== EXERCISE BRIEF ==
Using the data that follows, output only the lines from the line with "DAI crew watching" up to and including the line with "Funko POP!'s The", exactly, leaving pictures aside.

== DATA PROVIDED ==
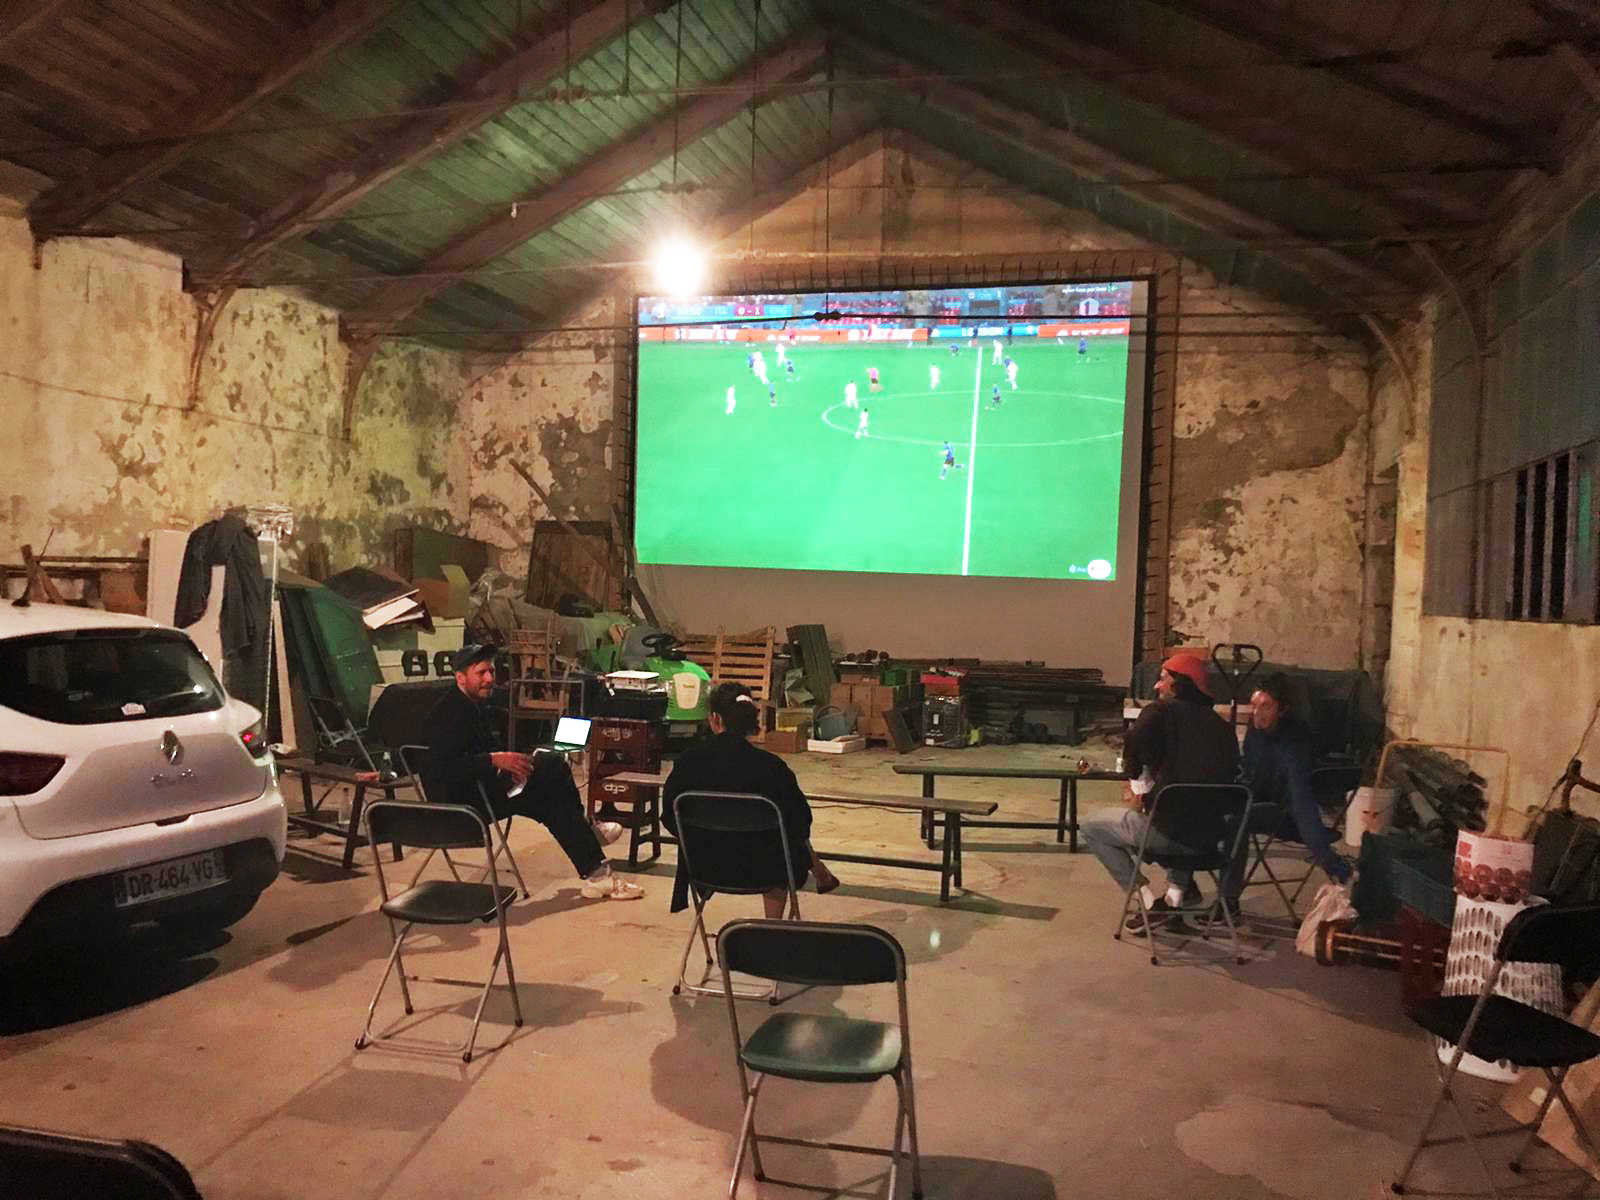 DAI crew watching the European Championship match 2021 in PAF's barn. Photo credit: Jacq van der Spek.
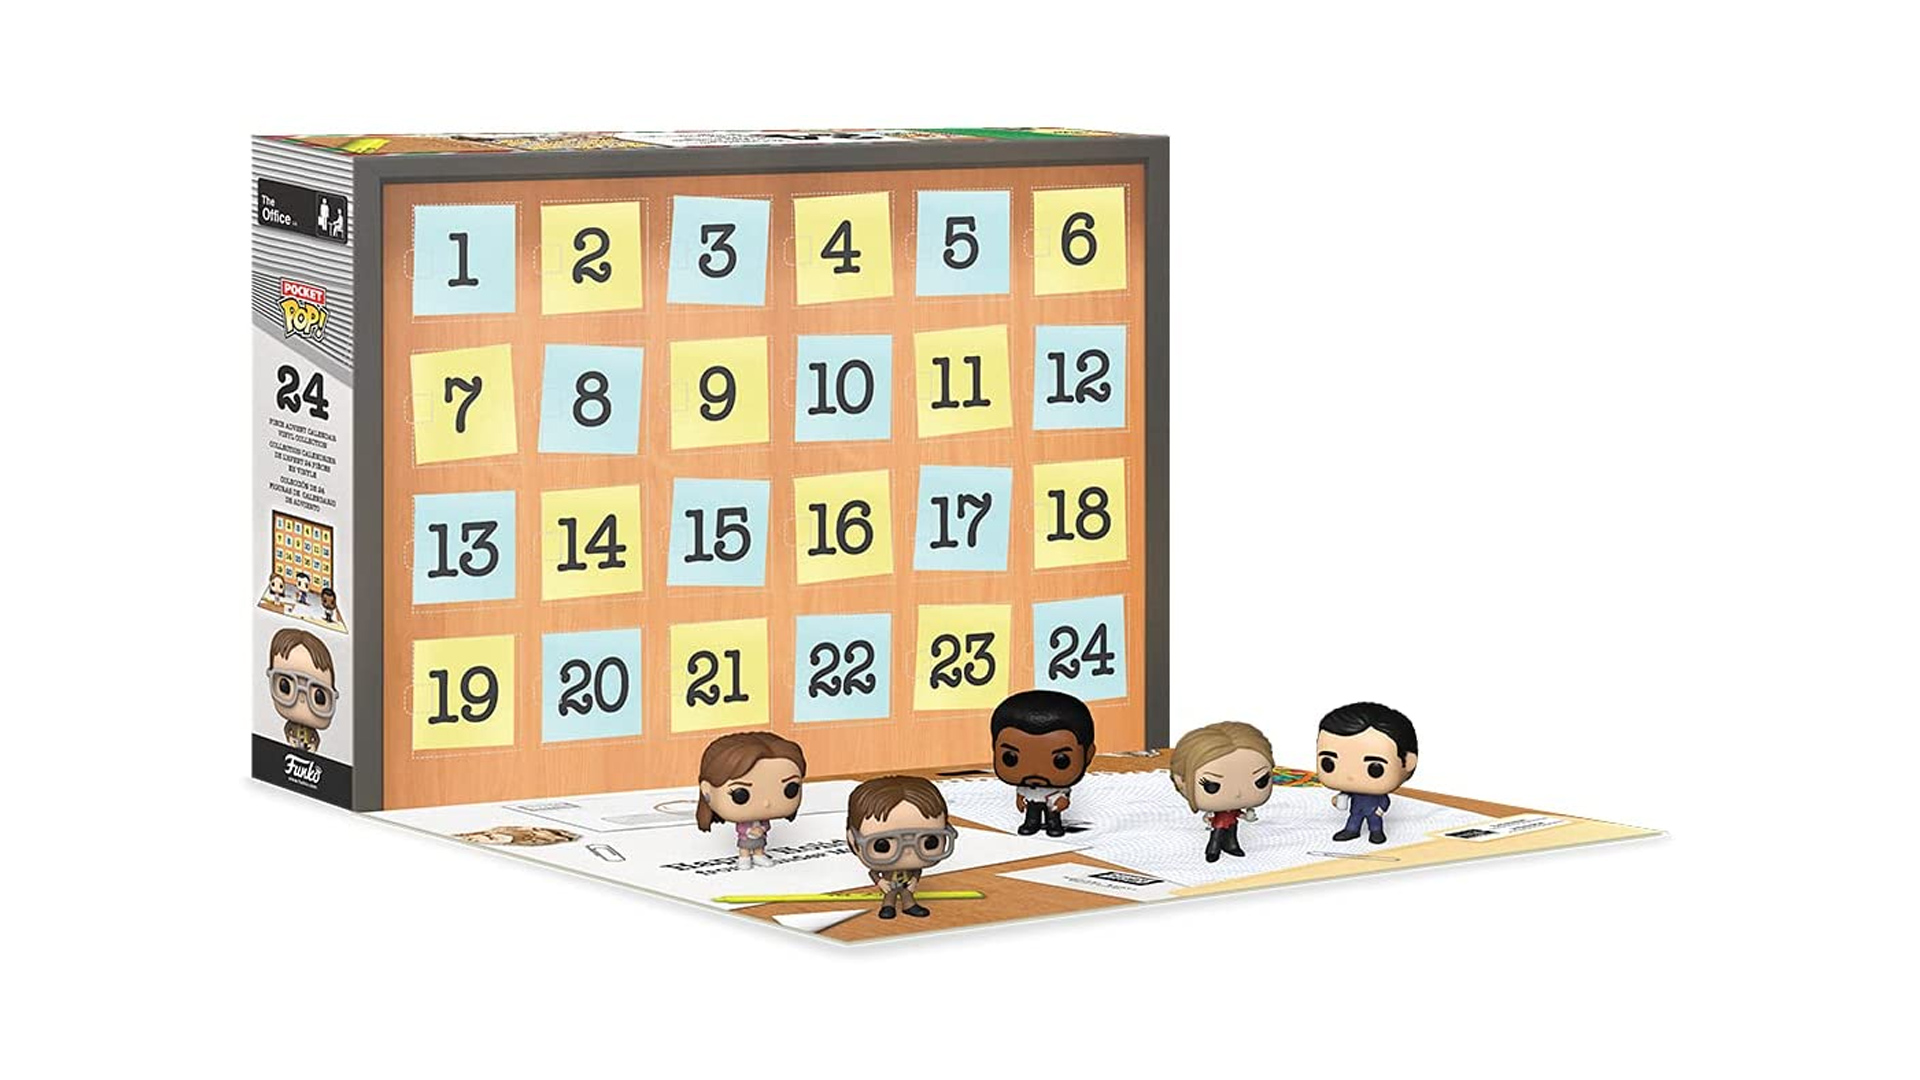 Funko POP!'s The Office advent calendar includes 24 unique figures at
---
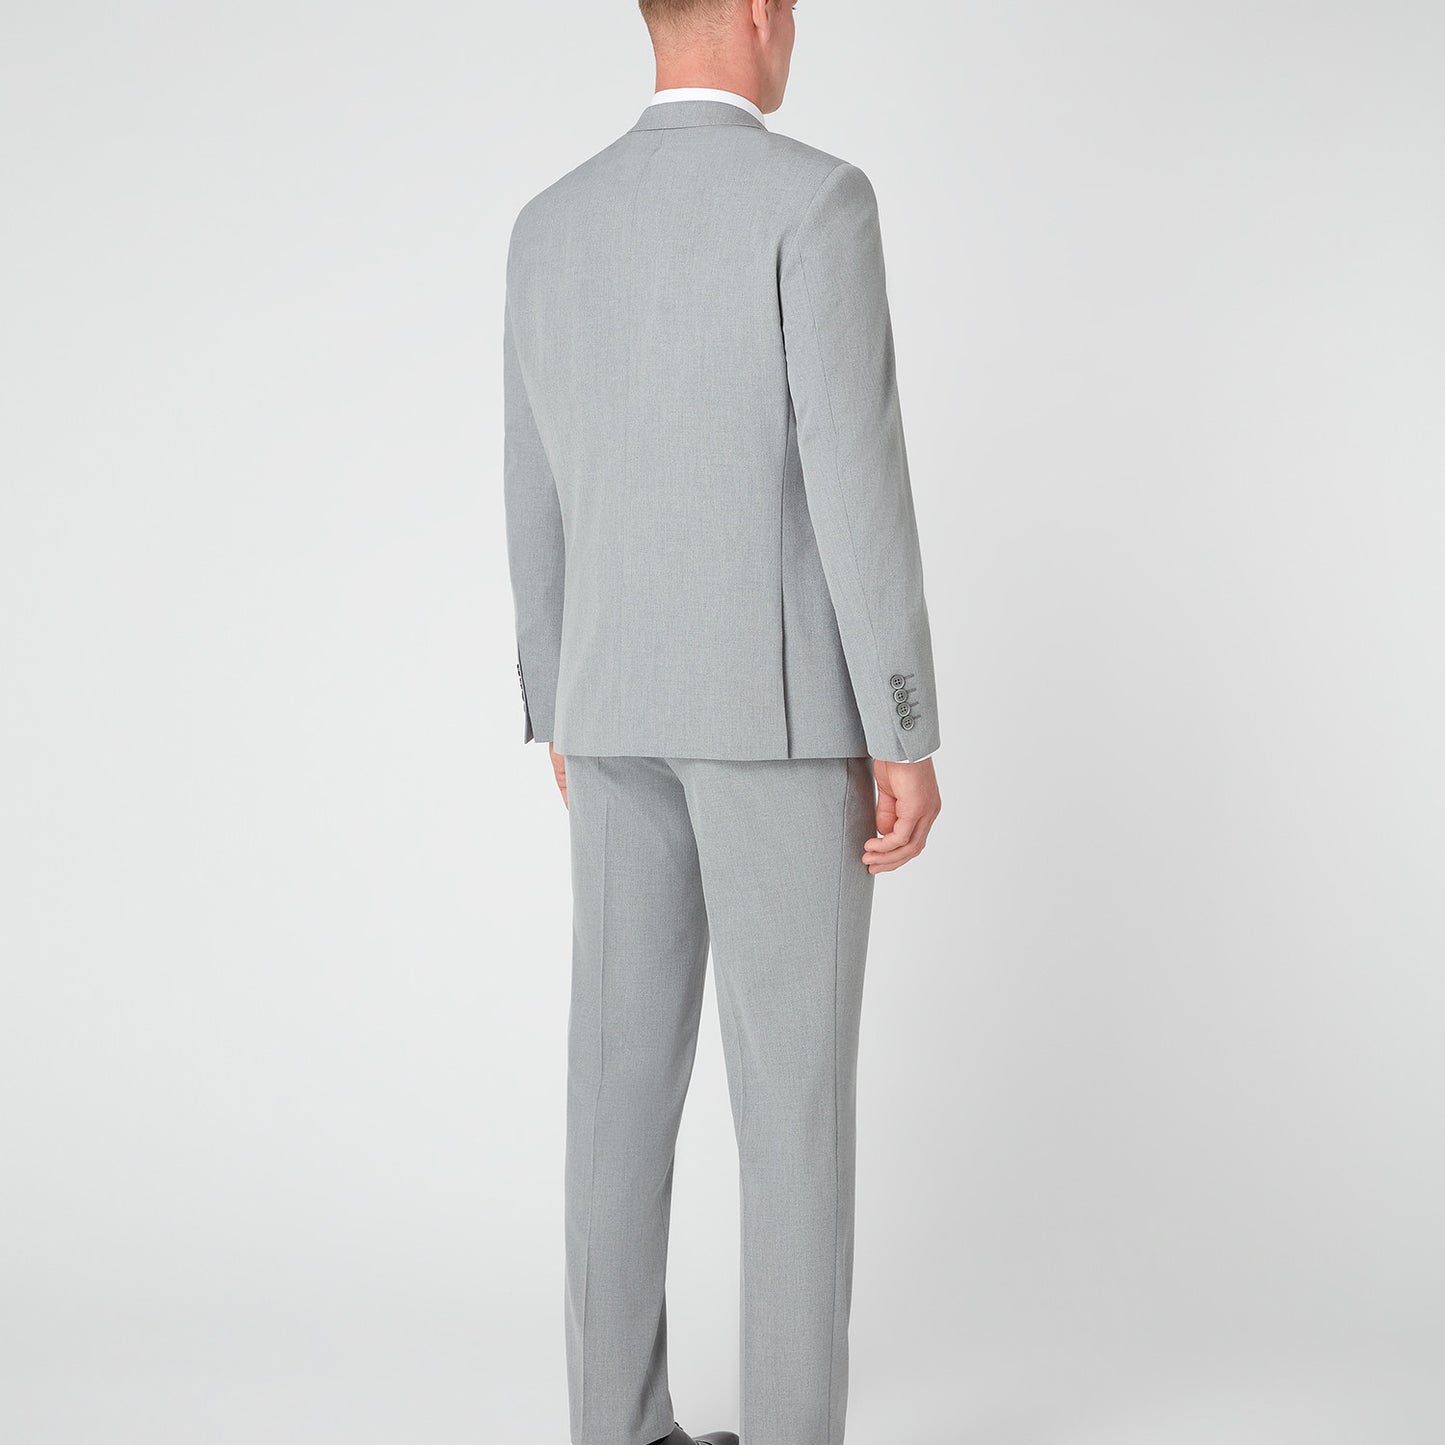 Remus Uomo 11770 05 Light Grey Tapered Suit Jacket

== ANSWER TO THIS TASK ==
 DAI crew watching the European Championship match 2021 in PAF's barn. Photo credit: Jacq van der Spek.
 Funko POP!'s The Office advent calendar includes 24 unique figures at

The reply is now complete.